Его волк поднял голову и тоже смотрел на светящийся шар его глазами. Счастье, которое он испытал в этот момент, было прекрасной смесью его счастья и счастья зверя. Когда он чувствовал, что существо счастливо? Никогда. Он ненавидел этот осколок луны, а это означало, что он все еще был в ловушке внутри его тела и не мог искать желаемой свободы.
Он почувствовал на себе ее взгляд за мгновение до того, как она задала вопрос:
— Ты что-то чувствуешь, даже когда луна такая?
— Всегда. Она зовет меня, — он кашлянул, затем покачал головой. — Нет, это не совсем так. Я помню, как впервые сидел в церкви, когда был мальчиком, и священник все время говорил о том, что Бог — это чувство. Его можно почувствовать, когда находишься в святых местах или где-то еще. Даже будучи ребенком, я не думал, что когда-нибудь смогу почувствовать Бога. Пока я не посмотрел на луну, и тогда я это почувствовал.
Он не знал, как объяснить это иначе. Он коснулся рукой груди, прямо над сердцем. Вот где он чувствовал это тогда и где чувствовал эту силу даже сейчас. Натяжение. Ощущение, что он не один и что он совершенен таким, какой он есть.
Почему она ничего не сказала?
Он оглянулся и увидел, что она смотрит на луну с любопытством. Как будто она отчаянно пыталась почувствовать то же, что и он.
— Моя мать поклонялась богине Луны. Она назвала ее Керидвен, хотя некоторые люди думают, что богиня — это белая свинья, а не луна.

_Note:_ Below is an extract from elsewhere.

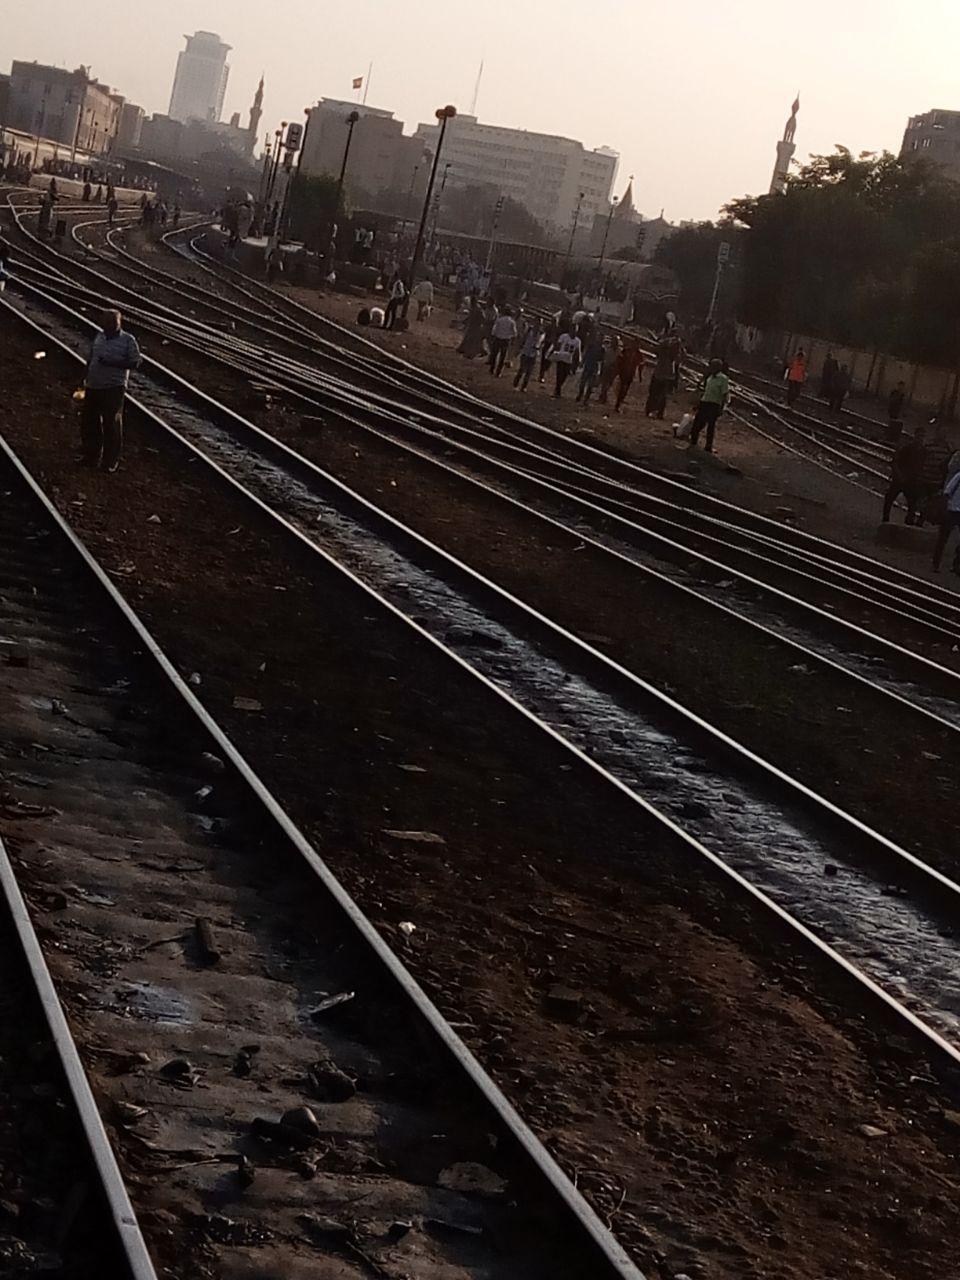 غضب على القضبان.. قرار «النقل» بخفض سرعة القطارات يثير استياء الركاب

— А сейчас? — он хотел узнать больше. Он хотел знать все о ее жизни до всего этого. — Ты сказала, твоя мать была язычницей?
— Потомок древних кельтов. Она следовала старым обычаям, хотя многие хотели ее за это повесить, — она пожала плечами. — И они это сделали. Я даже не смогла ее увидеть, ее забрали. Все, что осталось, это письмо, которое она написала, пока они стучали в ее дверь. Она отправила меня в лес за грибами. Я вернулась в дом, который был разобран на части, и нашла письмо, спрятанное под половицей, с мешком еды, чтобы сохранить мне жизнь.
— Какой ужас, — его сердце сжалось от мысли.
Она была ребенком. Маленькая девочка со шлейфом рыжих волос, которая хотела быть с мамой. Она хотела, чтобы ее обнимали и держали на руках, как и любую другую девочку. И вместо этого ей была дана жизнь лишений и беспорядков.
— Что произошло после этого? — спросил Лютер, хотя и не был уверен, что хотел это знать.
— Я оказалась на улице, как и любой другой ребенок без родителей. Мне потребовалось время, чтобы сдаться, но когда я это сделала, я постучала в дверь Церкви. Совершила ошибку, сказав им, кто моя мать и что случилось. После этого прошли годы попыток изгнать демонов из меня, — еще одно пожимание плечами. — Они хотели сломить нас, моих сестер и меня. Они думали, что мы ведьмы, как наши матери. Я была самой большой, даже тогда. Они пытались научить меня быть воином, но у меня это не очень хорошо получалось. Все эти поющие драгоценности. Они отвлекают.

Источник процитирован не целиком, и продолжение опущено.